DOI: 10.1111/his.70226 ISSN: 0309-0167

TROP2 immunoreactivity in pulmonary large cell neuroendocrine carcinoma

Michael Minkley, Kashif Ravasia, Thi Nghiem, Dongxia Gao, Jamie Feng, Andrew Churg, Julia R Naso

Introduction

TROP2 antibody‐drug conjugates have shown promising anti‐tumour activity, but neither the activity of these agents nor TROP2 expression has been well studied in pulmonary large cell neuroendocrine carcinoma (LCNEC), a rare and aggressive cancer type. We aimed to (i) determine the prevalence of TROP2 immunoreactivity in LCNEC; (ii) assess whether TROP2 immunoreactivity in LCNEC is related to RB1 loss on IHC or to the presence of NSCLC or SCLC components and (iii) determine whether TROP2 immunoreactivity in LCNEC has prognostic significance.

Methods

TROP2 immunohistochemistry was performed on 58 pure LCNECs and 25 areas of LCNEC that were combined with other carcinomas, in tissue microarray format.
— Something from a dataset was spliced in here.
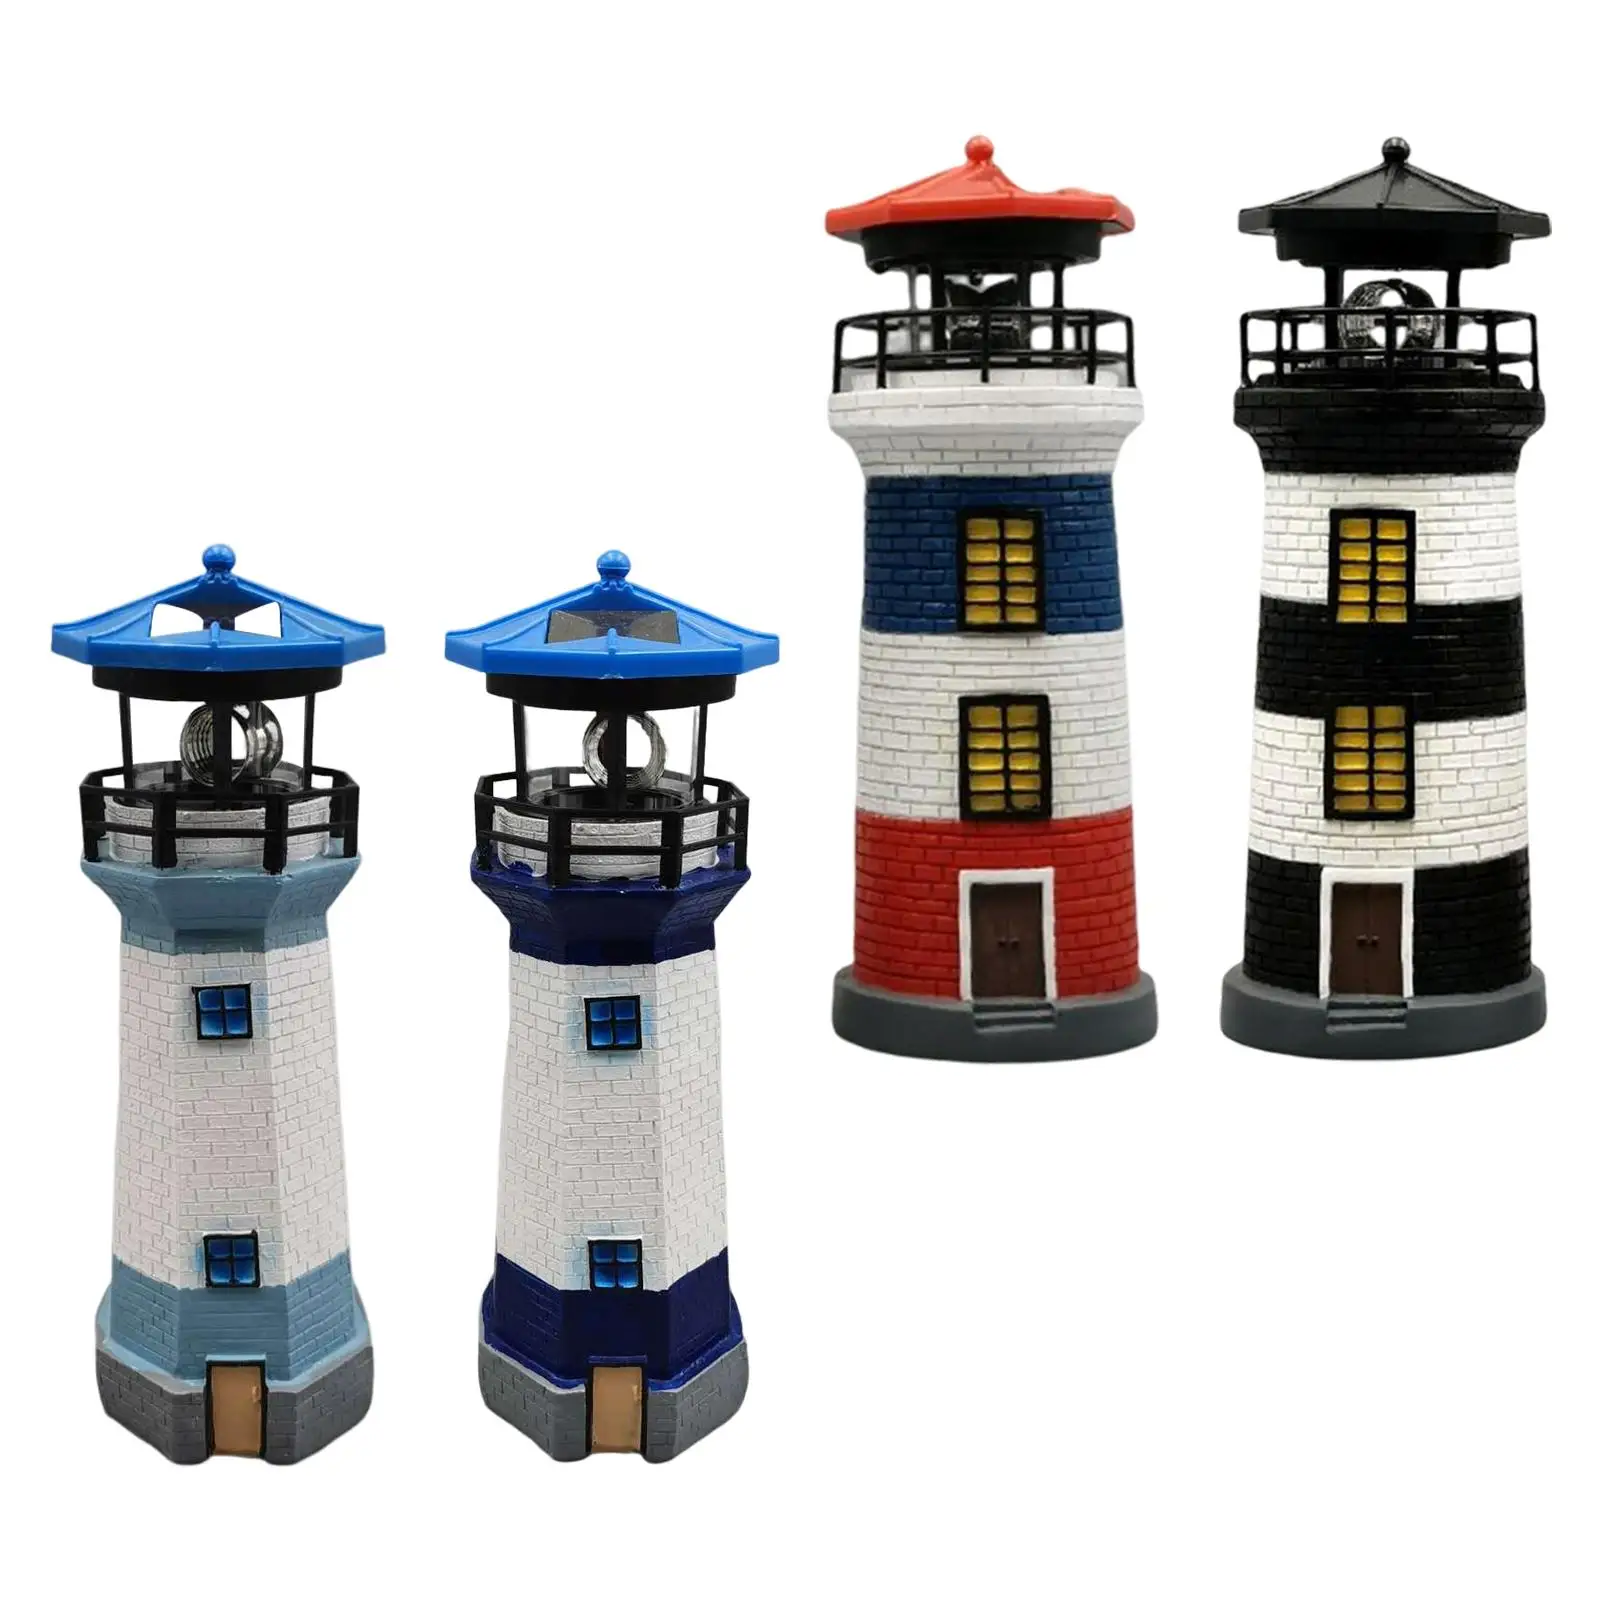 360 Degree Rotating solar Lighthouse Decoration Landscape Lamp Bright Premium for Outdoor Balcony Gift Lawn
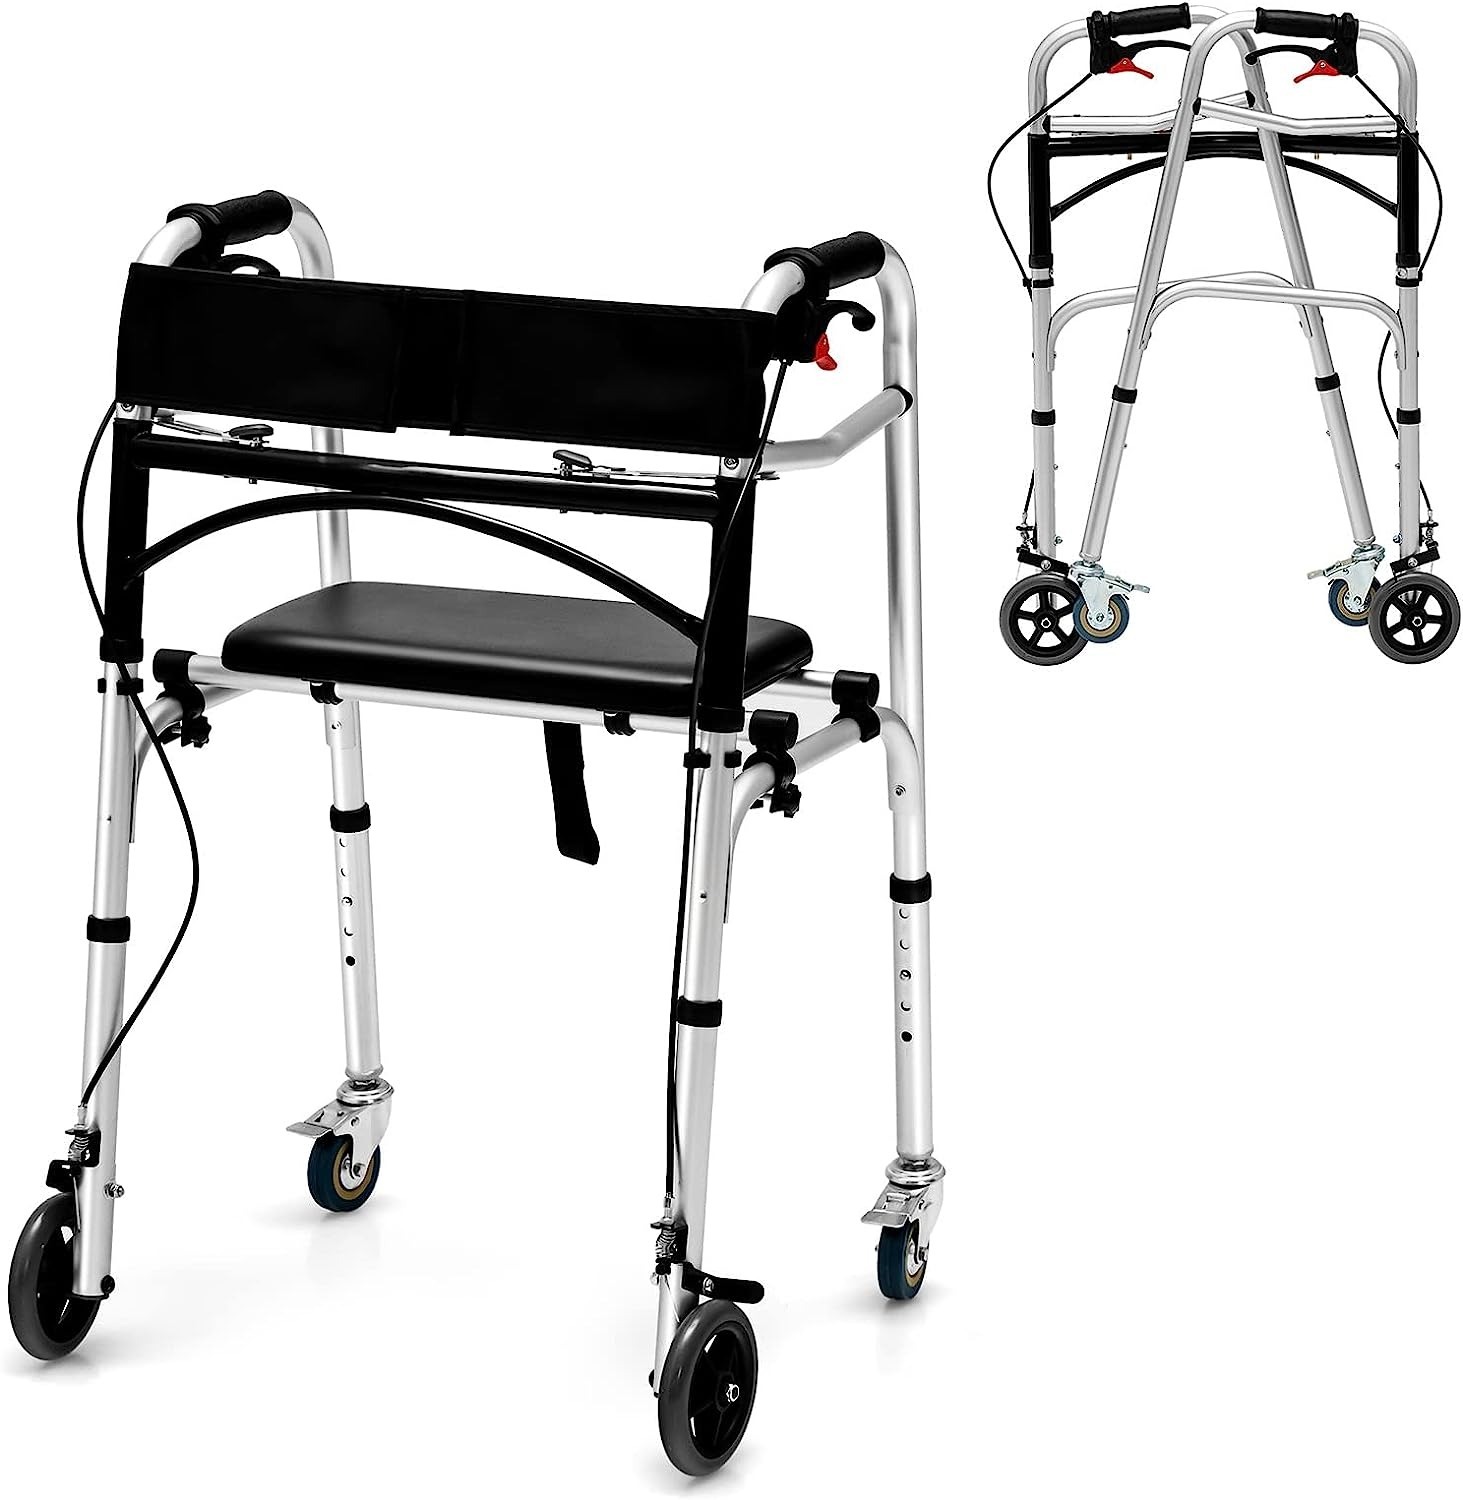 GoPlus 4 in1 Folding Walker w/ Wheels, Detachable Seat, Supports up to 350 lbs $100.79 + Free Shipping

TROP2 was scored for the percent of tumour cells staining, and with evaluation of cytoplasmic versus membranous staining, approximating a previously published predictive scoring method.

Results

TROP2 staining in ≥1% and ≥50% of LCNEC cells was present in 60% and 26% of pure LCNEC tumours, respectively. Cytoplasmic‐type staining, previously implicated in greater antibody‐drug conjugate response, was present in 48% of pure LCNEC cases. Positive TROP2 staining was less frequent in pure LCNEC than in the LCNEC component of tumours that also contained a NSCLC component (≥1%: P  = 0.0087; ≥50%: P  = 0.011), and ≥50% TROP2 staining in pure LCNEC was associated with retained RB1 staining on immunohistochemistry ( P  = 0.032). TROP2 staining was not associated with recurrence‐free survival or disease‐specific survival outcomes.

Conclusion

Frequently positive TROP2 IHC suggests that TROP2 antibody‐drug conjugates may be potential treatments for LCNEC.